## [Items from a dataset]
--
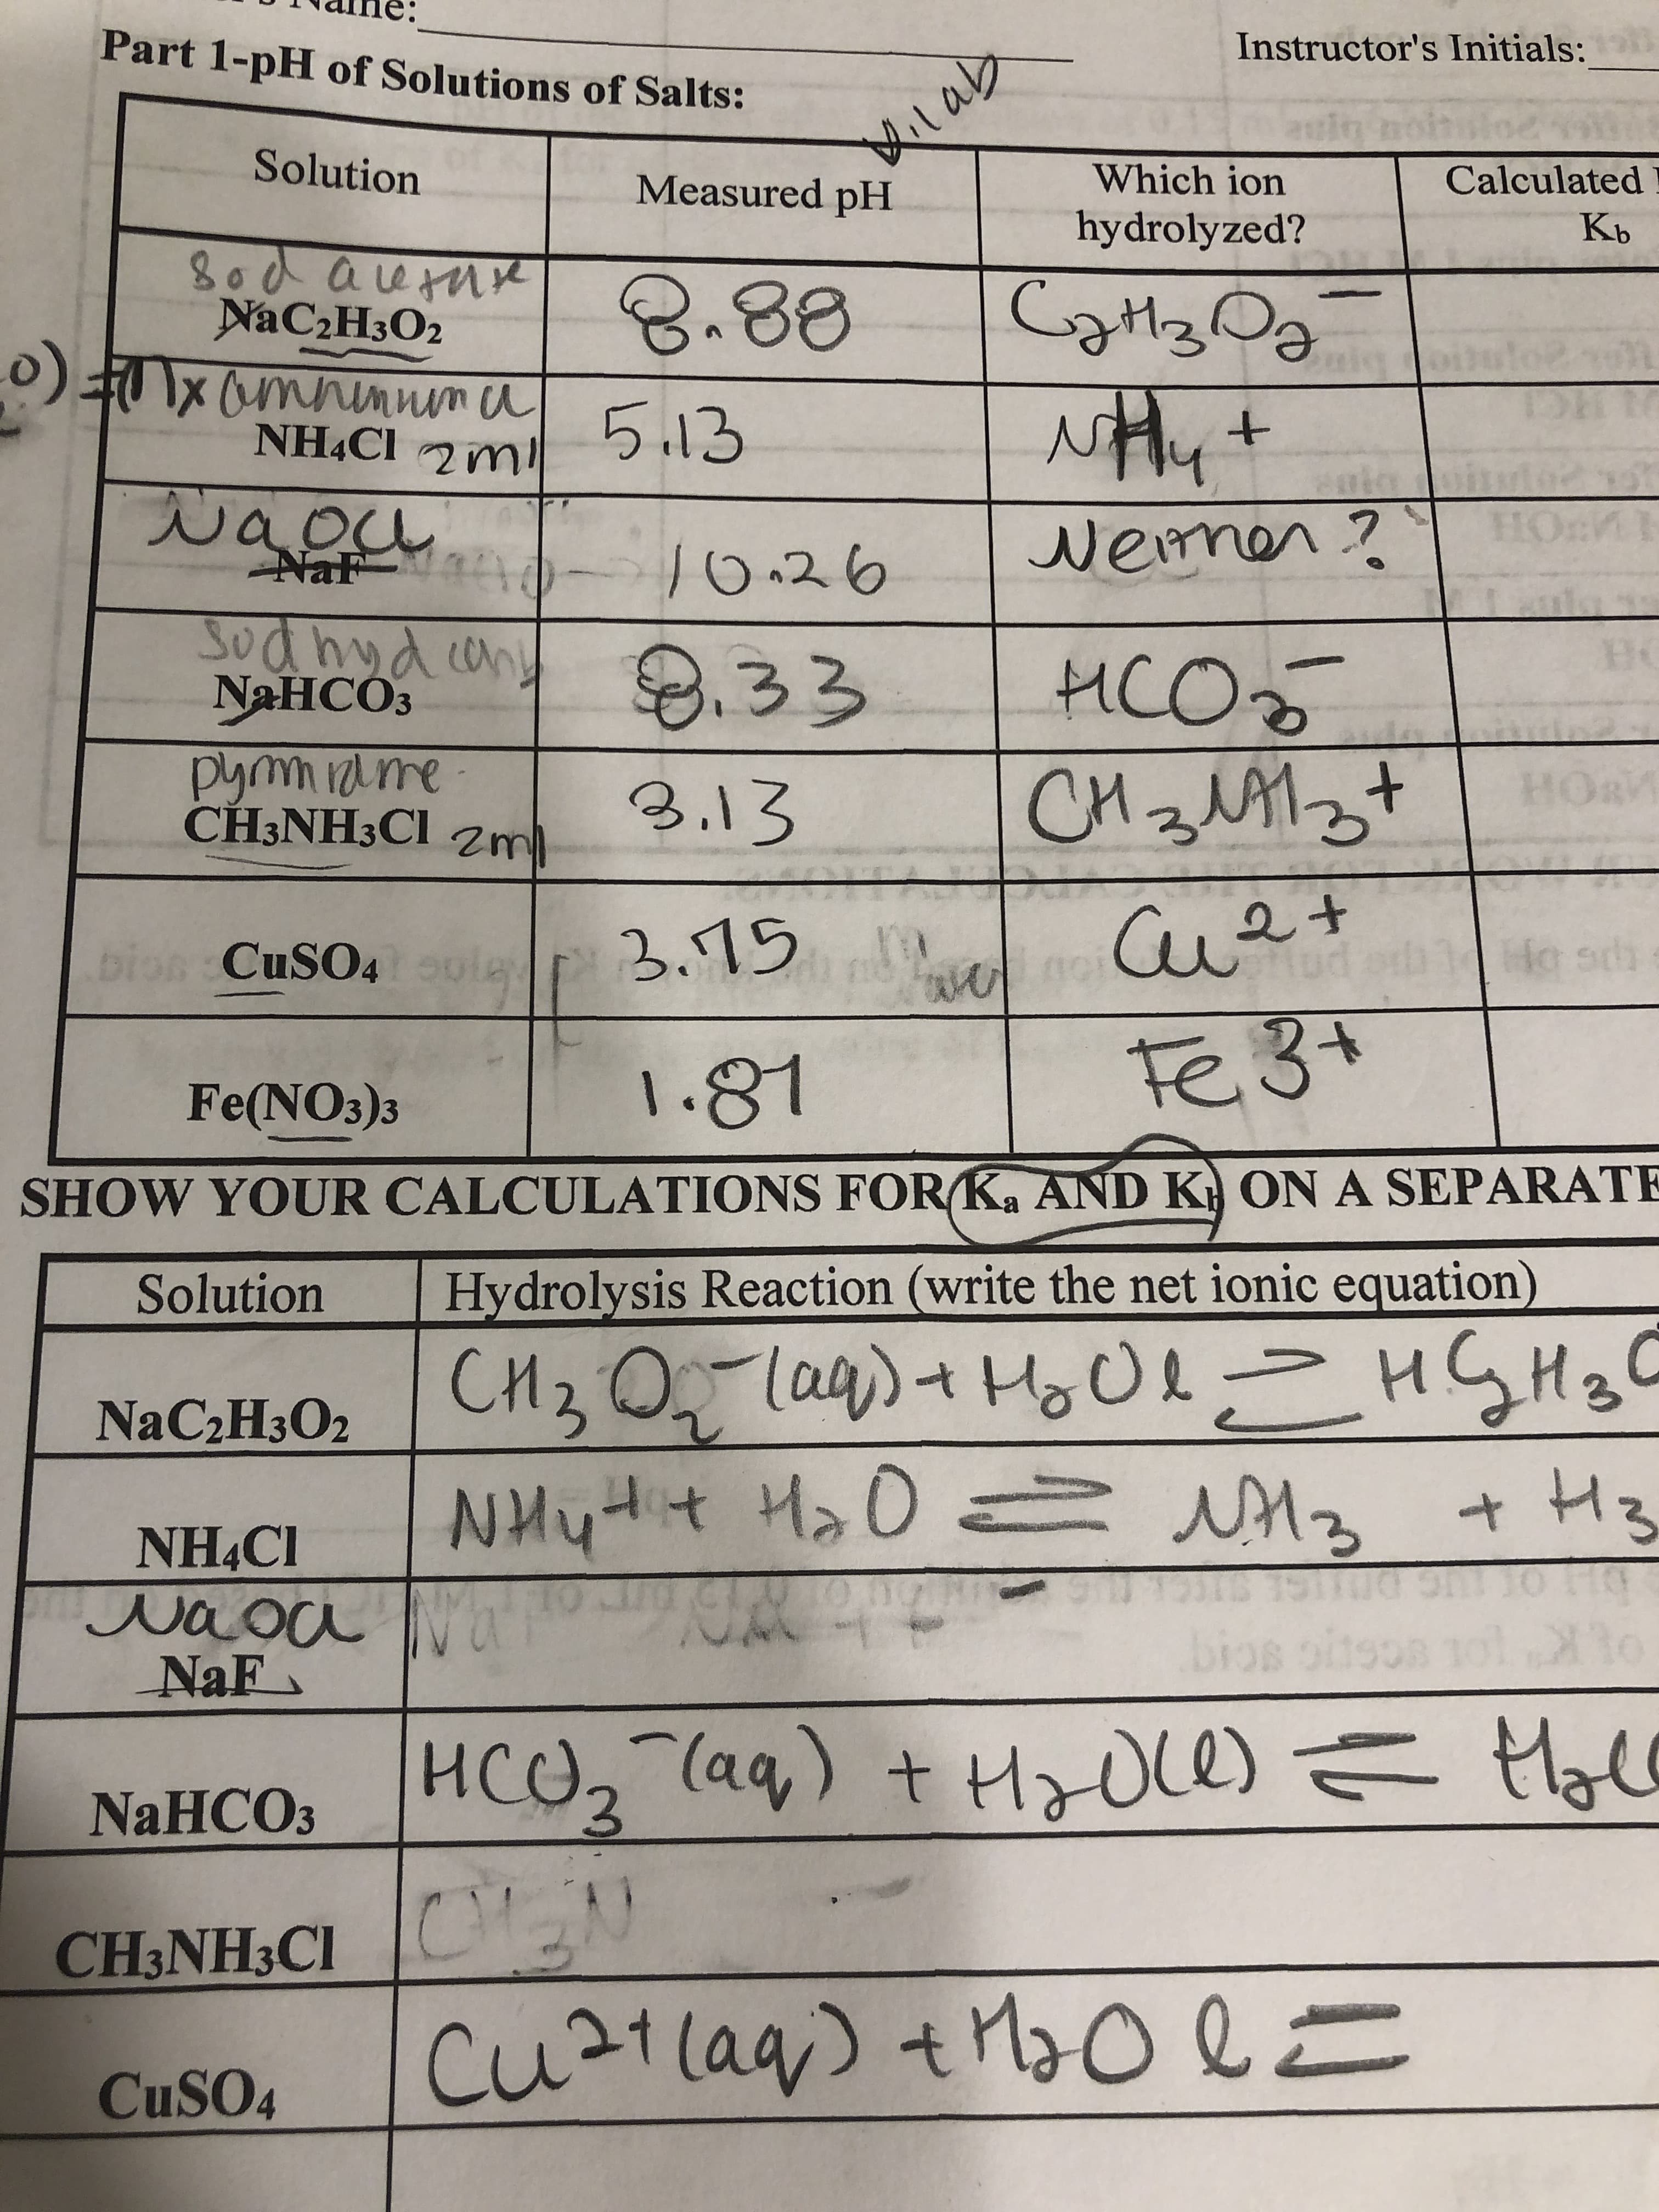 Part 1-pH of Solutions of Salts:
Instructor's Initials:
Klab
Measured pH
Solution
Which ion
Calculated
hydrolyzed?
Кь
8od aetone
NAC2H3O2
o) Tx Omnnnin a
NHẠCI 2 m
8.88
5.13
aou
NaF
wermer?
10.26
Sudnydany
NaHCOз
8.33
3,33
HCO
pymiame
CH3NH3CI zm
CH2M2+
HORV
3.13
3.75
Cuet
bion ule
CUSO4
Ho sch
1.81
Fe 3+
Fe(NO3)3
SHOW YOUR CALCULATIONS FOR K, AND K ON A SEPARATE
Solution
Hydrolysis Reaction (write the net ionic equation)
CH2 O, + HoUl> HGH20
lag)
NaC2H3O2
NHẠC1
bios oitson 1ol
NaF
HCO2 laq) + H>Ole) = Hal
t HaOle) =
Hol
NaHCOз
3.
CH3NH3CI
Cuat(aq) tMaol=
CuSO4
--
## [Work task]
Your copy should match the records above exactly, apart from the pictures, which stay out.

## [Answer to this task]
 Part 1-pH of Solutions of Salts:
Instructor's Initials:
Klab
Measured pH
Solution
Which ion
Calculated
hydrolyzed?
Кь
8od aetone
NAC2H3O2
o) Tx Omnnnin a
NHẠCI 2 m
8.88
5.13
aou
NaF
wermer?
10.26
Sudnydany
NaHCOз
8.33
3,33
HCO
pymiame
CH3NH3CI zm
CH2M2+
HORV
3.13
3.75
Cuet
bion ule
CUSO4
Ho sch
1.81
Fe 3+
Fe(NO3)3
SHOW YOUR CALCULATIONS FOR K, AND K ON A SEPARATE
Solution
Hydrolysis Reaction (write the net ionic equation)
CH2 O, + HoUl> HGH20
lag)
NaC2H3O2
NHẠC1
bios oitson 1ol
NaF
HCO2 laq) + H>Ole) = Hal
t HaOle) =
Hol
NaHCOз
3.
CH3NH3CI
Cuat(aq) tMaol=
CuSO4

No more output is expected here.